Safety Operations Dashboard¶

The safety operations dashboard turns tenant-safe SafetyEvent JSONL and calibration feedback into an immediate halt-rate view.

It is intended for the first response to drift, stale knowledge, and repeated false-positive halts:

per-tenant event count, halt count, halt rate, false-positive count, and alert state
top contradiction sources across recent halts
recent halt evidence with score, reason, source, and suggested operator action
a ready-to-run retune command for recent labelled feedback
a one-click retune action in the wizard that turns labelled feedback into a tuned profile overlay with threshold guidance and confidence notes

Launch The UI¶

director-ai safety-dashboard

The same panel is also available inside:

director-ai wizard

Open the Safety Ops tab, paste SafetyEvent JSONL, paste optional feedback JSONL, and render the tables. Use Retune from Feedback when the feedback rows include prompt, response, and a human verdict.

Text Mode¶

Use text mode when running over SSH or in CI:

director-ai safety-dashboard \
  --text \
  --events safety_events.jsonl \
  --feedback recent_feedback.jsonl

The command prints tenant halt rates, top contradiction sources, recent evidence, and the retune command:

director-ai tune --dataset recent_feedback.jsonl --output director-ai-tuned.yaml

Alert Thresholds¶

The defaults are intentionally conservative:

halt-rate alert: 0.15
false-positive alert: 0.05

Override them when a deployment has a known review cadence:

director-ai safety-dashboard \
  --text \
  --events safety_events.jsonl \
  --halt-alert-threshold 0.25 \
  --false-positive-alert-threshold 0.10

Prometheus And Grafana Mixin¶

The deployable safety-operations mixin lives under deploy/observability/:

safety-ops-prometheus-rules.yml
safety-ops-grafana-dashboard.json

Load the rules from Prometheus:

rule_files:
  - safety-ops-prometheus-rules.yml

Import safety-ops-grafana-dashboard.json into Grafana and select the same Prometheus data source that scrapes /v1/metrics/prometheus.

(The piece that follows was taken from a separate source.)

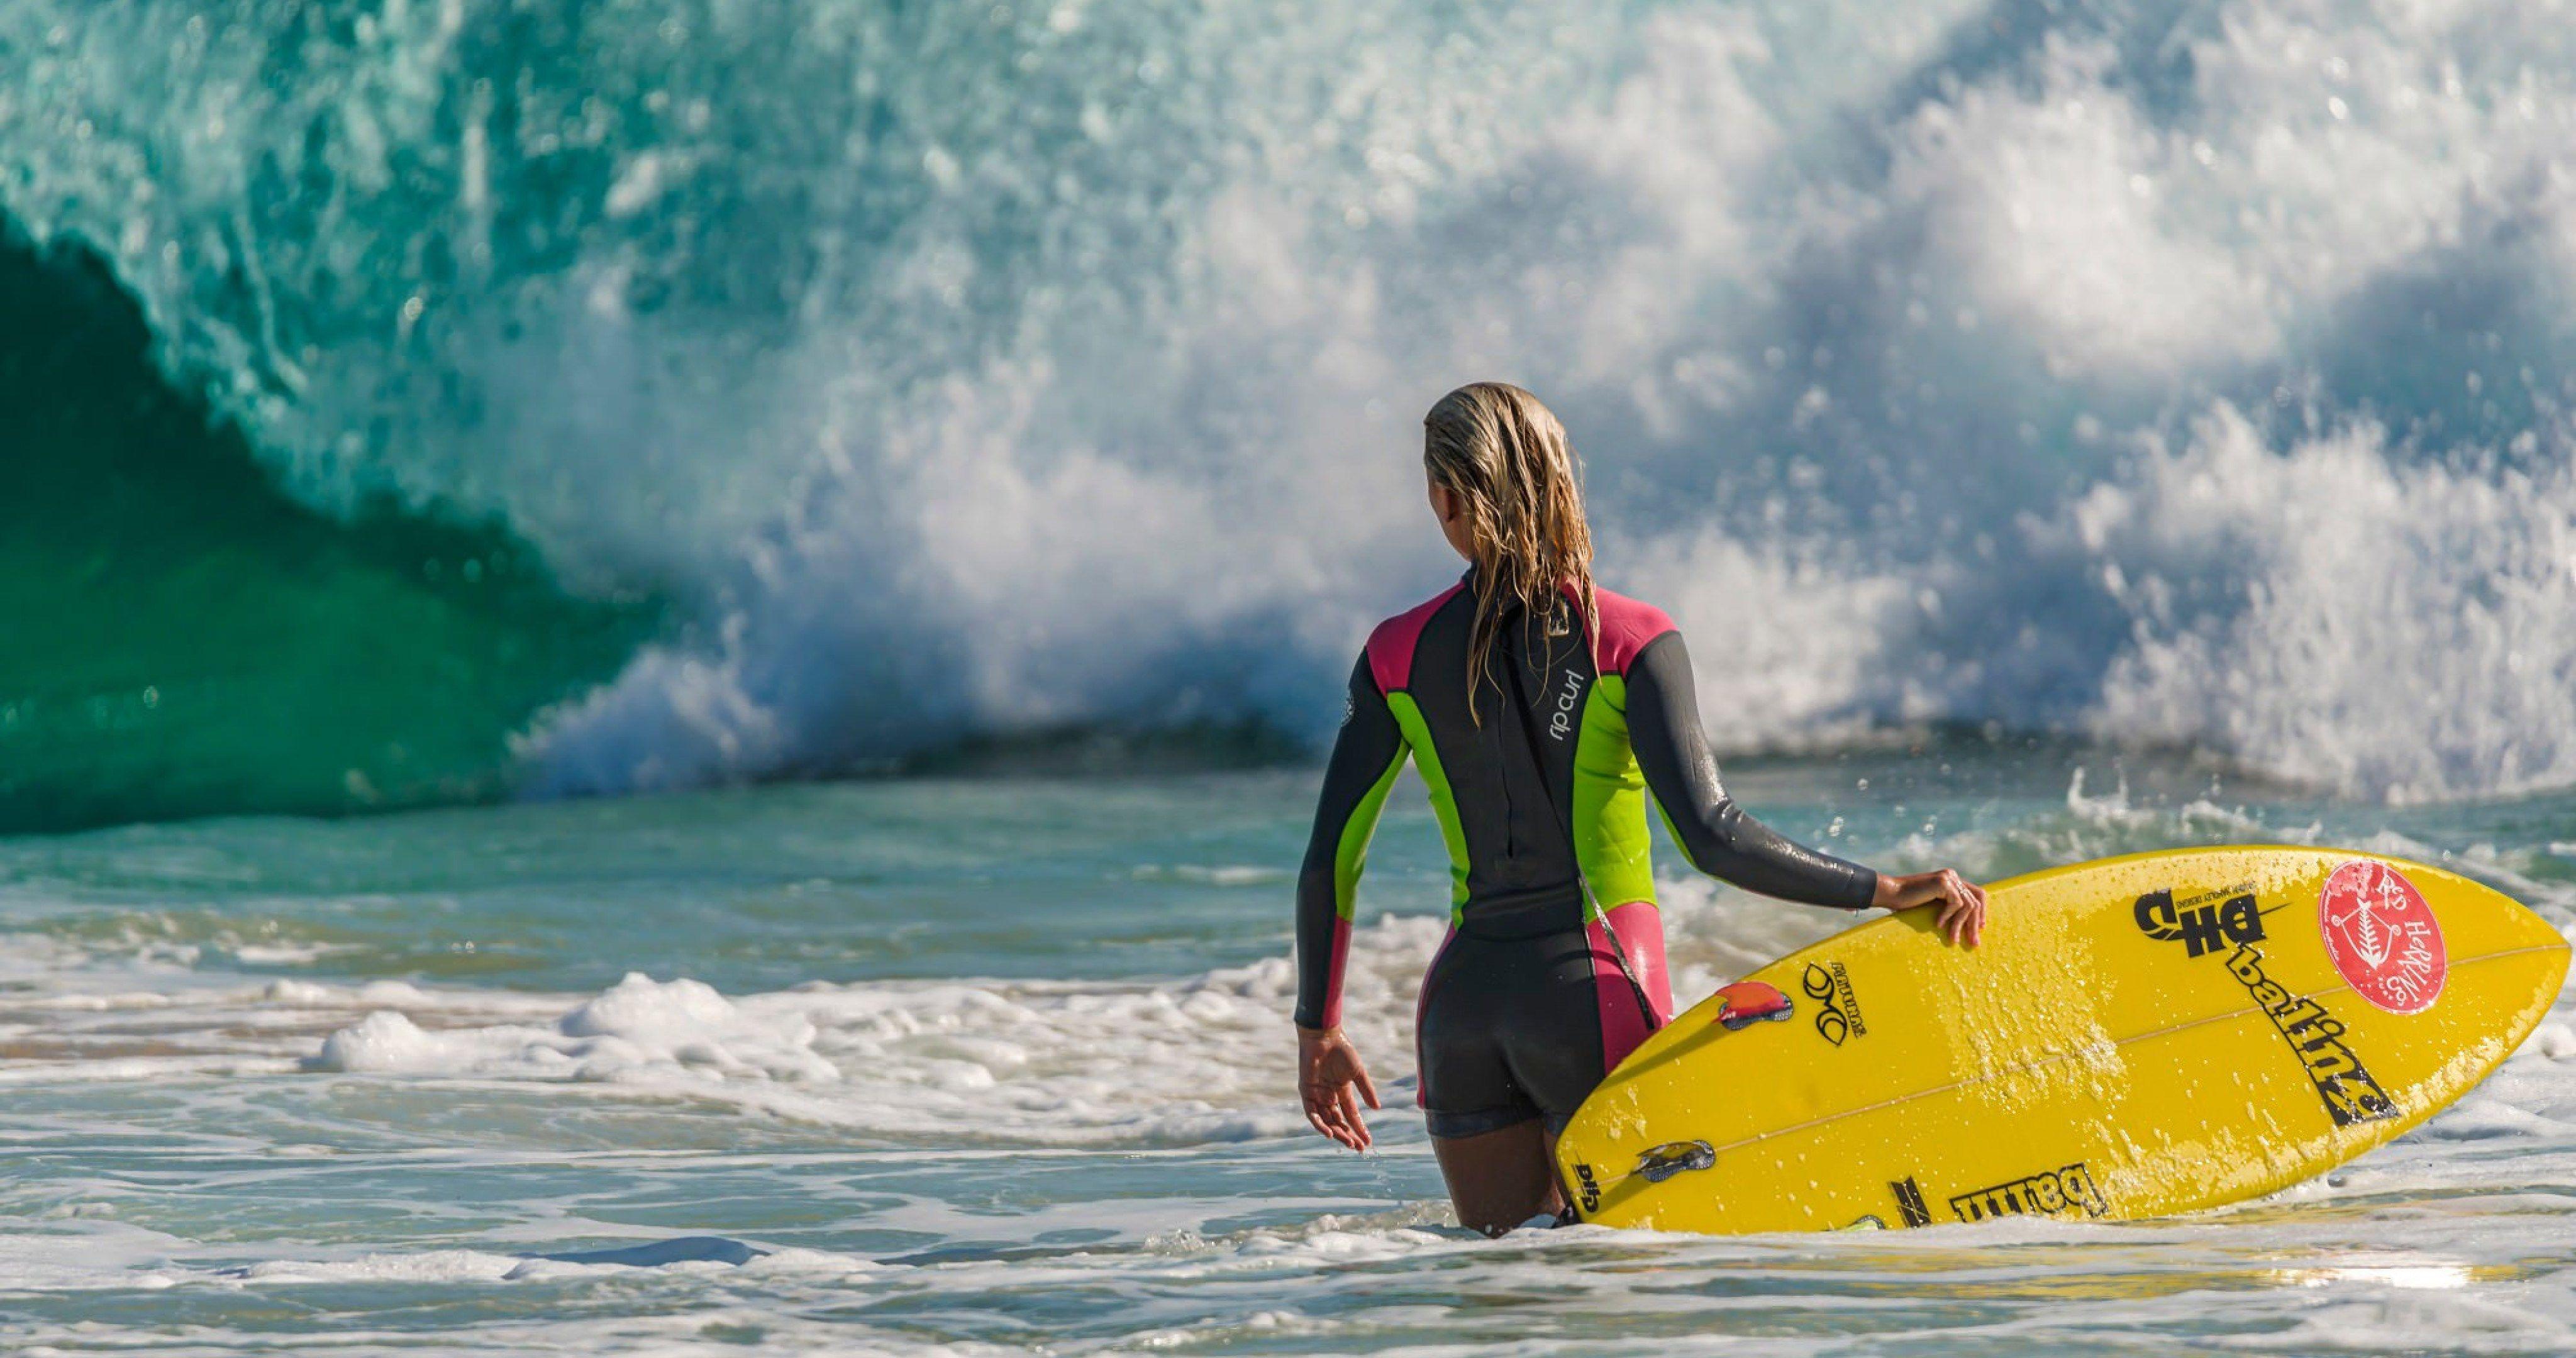 Surf 4k wallpaper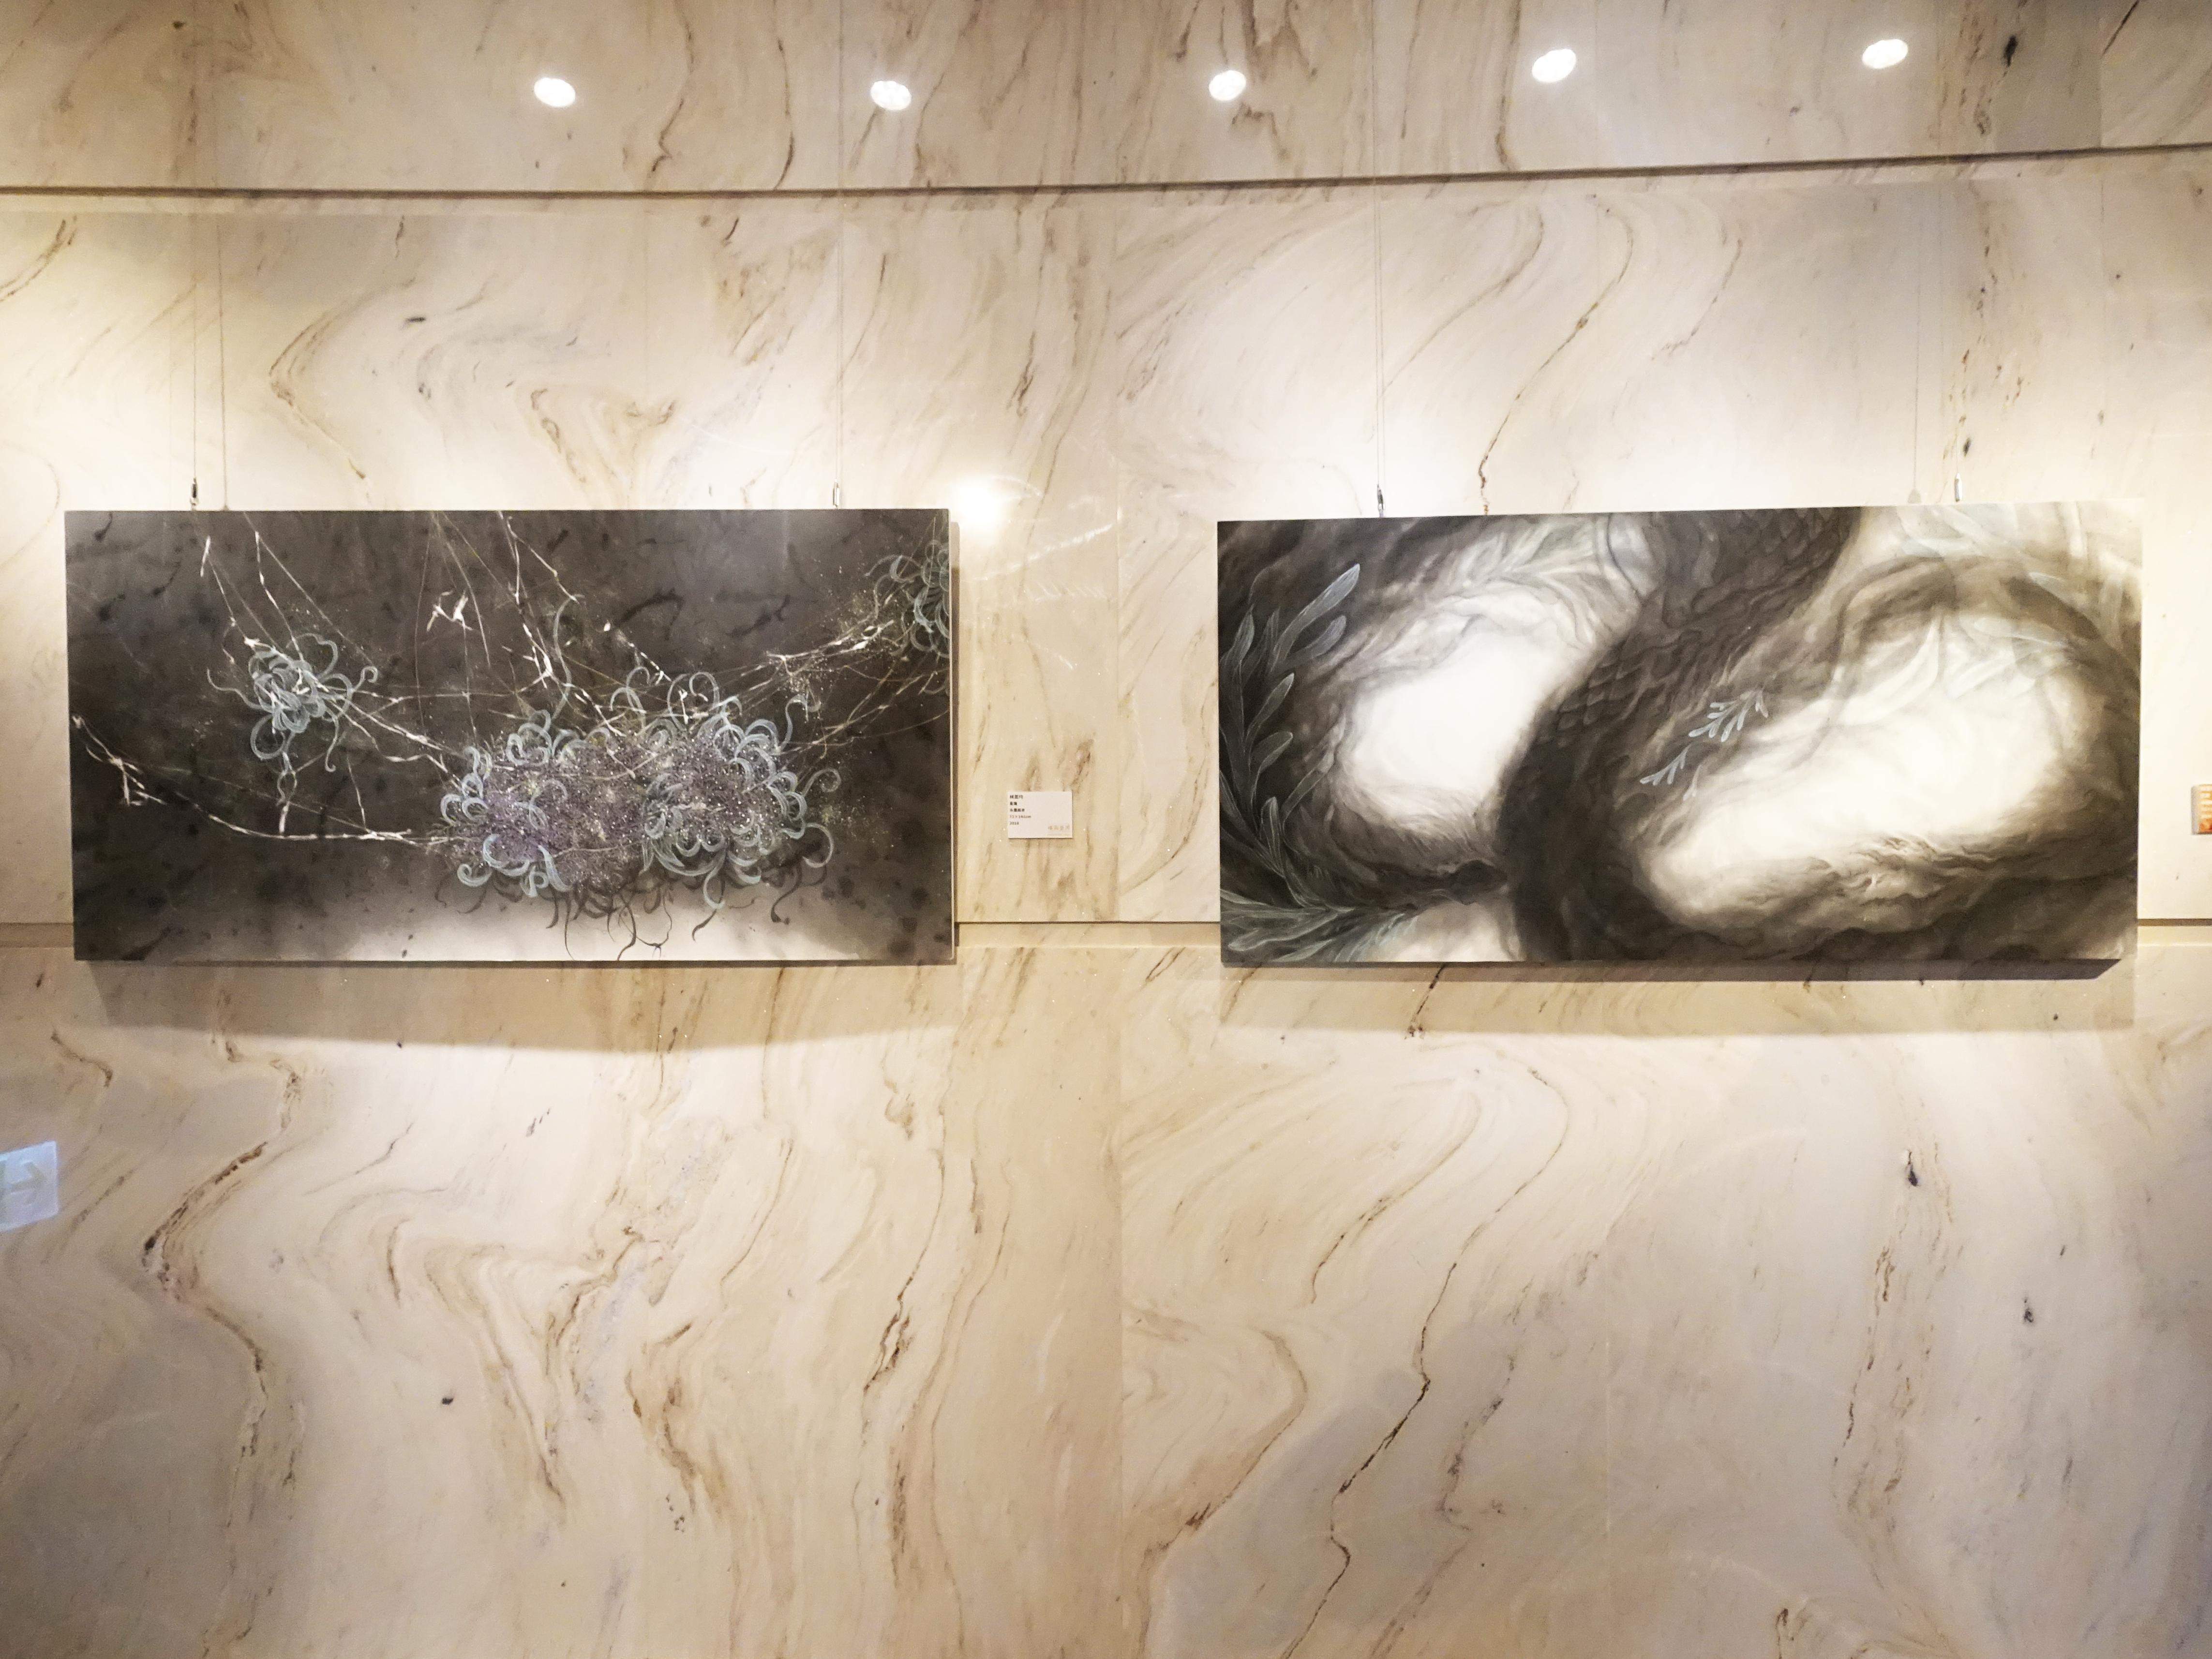 王道銀行基金會展出入圍者林昱均水墨系列作品。

The mixin uses these metric families:

Metric	Purpose
`director_ai_halts_total`	Halt-rate numerator
`director_ai_reviews_total`	Halt-rate denominator
`director_ai_feedback_total{outcome="false_positive"}`	False-positive feedback
`director_ai_kb_stale_sources`	Stale source count
`director_ai_retune_recommended`	Retune recommendation state
`director_ai_retune_recommendations_total`	Retune recommendation count

The alert rules include safe denominator guards for low-traffic services, so a single halt during startup does not divide by zero.

Input Shape¶

Each event should be one tenant-safe JSON object per line. Native SafetyEvent.to_dict() records work directly:

{"event_id":"e1","tenant_id":"tenant-a","policy_decision":"halt","halt_reason":"contradiction","observed_score":0.22,"trace_attribution":{"fact_source":"kb://physics"},"tenant_safe_explanation":"Refresh the cited fact."}

Feedback rows can use the calibration format:

{"event_id":"e1","tenant_id":"tenant-a","guardrail_approved":false,"human_approved":true,"source":"kb://physics"}

Rows where the guard rejected an answer but the human accepted it count as false positives for the tenant.

Rows used for one-click retuning also need the reviewed prompt and response:

{"prompt":"What is the refund window?","response":"Refunds are available for 30 days.","guardrail_approved":true,"human_approved":true,"domain":"support"}

The UI requires at least four labelled rows before it emits an overlay. Mixed approved and rejected examples produce stronger threshold guidance; single-class feedback is allowed but marked provisional.